By taking a product that is so creative – perhaps even more so than music or movies – and breaking it down into its fundamental attributes, Artsy is harnessing the power of data to make art truly accessible, one stroke at a time.
Very interesting! Thank you for sharing. Legendary is doing similar genome project on movies and books and has been pretty successful. Applying analytics on art helps with efficiency, but it has its limits: cannot identify masterpieces of next generation, i.e. art works completely different from the past.
Great article! Never knew Artsy existed – totally love the concept. Especially the idea that you can ‘Netflix’ your taste: if you like Van Gogh, perhaps you’ll also like Monet? I’m going to try this out, very curious 🙂
Would be interesting to think about how they could monetize this in the long run. Maybe by becoming fully integrated into the auction community? Or by becoming an independent platform for buying and selling art? They now seem to fully focus on expanding the platform (and get scale), and have enough investors that are backing them.. but can they really monetize? (similar to Clay’s framework on nailing before scaling… do they have their economics right, or are the network effects strong enough that economics will sort themselves out later?)
Will definitely follow Artsy in the coming years, thanks for sharing!!
Great post! As a major in Art History in undergrad, I like Artsy’s mission a lot, and think it meets an important market need by connecting people, who are interested in buying art, with galleries, who have failed in the past to leverage the opportunities of selling online.

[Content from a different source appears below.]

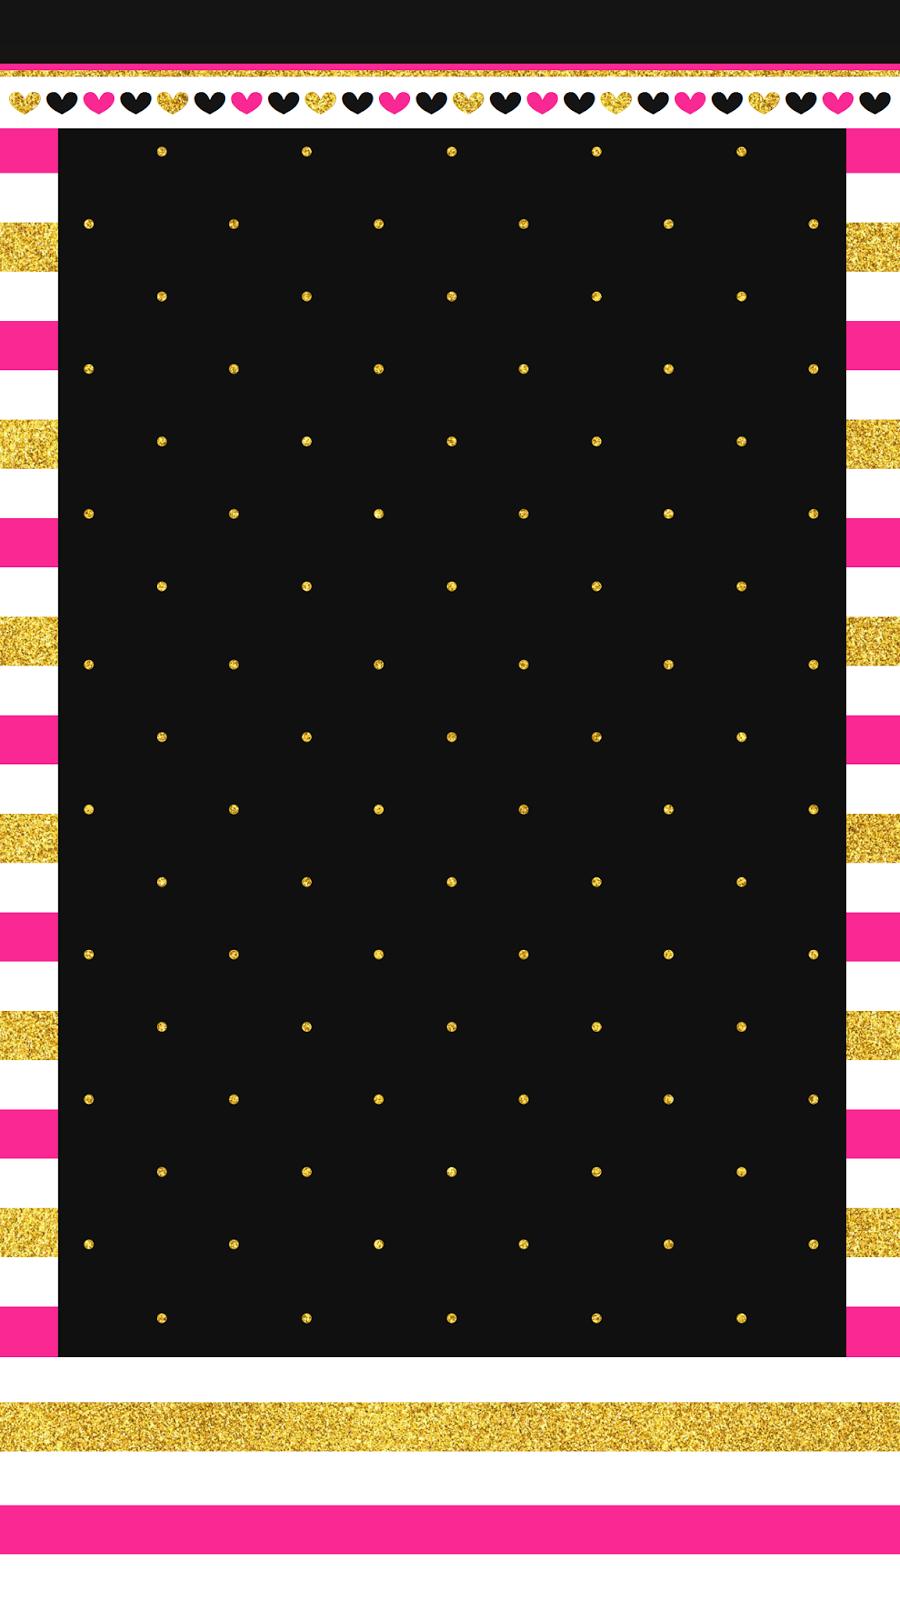 SStripesHearts.png (900×1600)

However, as much as I like the idea of discovering new artists through Artsy’s data analytics, I think there is still room for improvement: Despite the fact that I have spent a substantial amount of my time on Artsy at some point in the past, it didn’t succeed in making sense of my taste; the vast majority of their suggestions for me was completely irrelevant, making me question the feasibility to categorize art tastes through a set of attributes. What do you think?
Thank you Kathy, it is really an interesting post. Art is a tough area for computer technologies. Art is all about artistic vision and mastery. I wonder if computers that can learn from great artists can create an artificial vision and learn this mastery and not just blindly copy their style. 20 years ago many were sure that computer will never be able to express human emotions, feelings and vision. Right now you see more and more computer programs making arts, judging it and even competing with human artists. Looks like very soon we all going to see human arts and artificial arts. And who knows what is going to be better.
Another aspect, as you mentioned in the beginning, the market for arts is quite narrow, especially for high arts. 3% of the population is a very small niche and it’s really a luxury good. I wonder with intervention of computers is it going to change for the mass market? We have seen many successful examples in haute couture (Armani, Ralf Lauren and such).
Finally, promotion is very important in arts. I noticed many masterpieces were well promoted, thus cost well, while other masterpieces were not promoted at all and cost cheaper. I think promotion is a value creation mechanism in arts.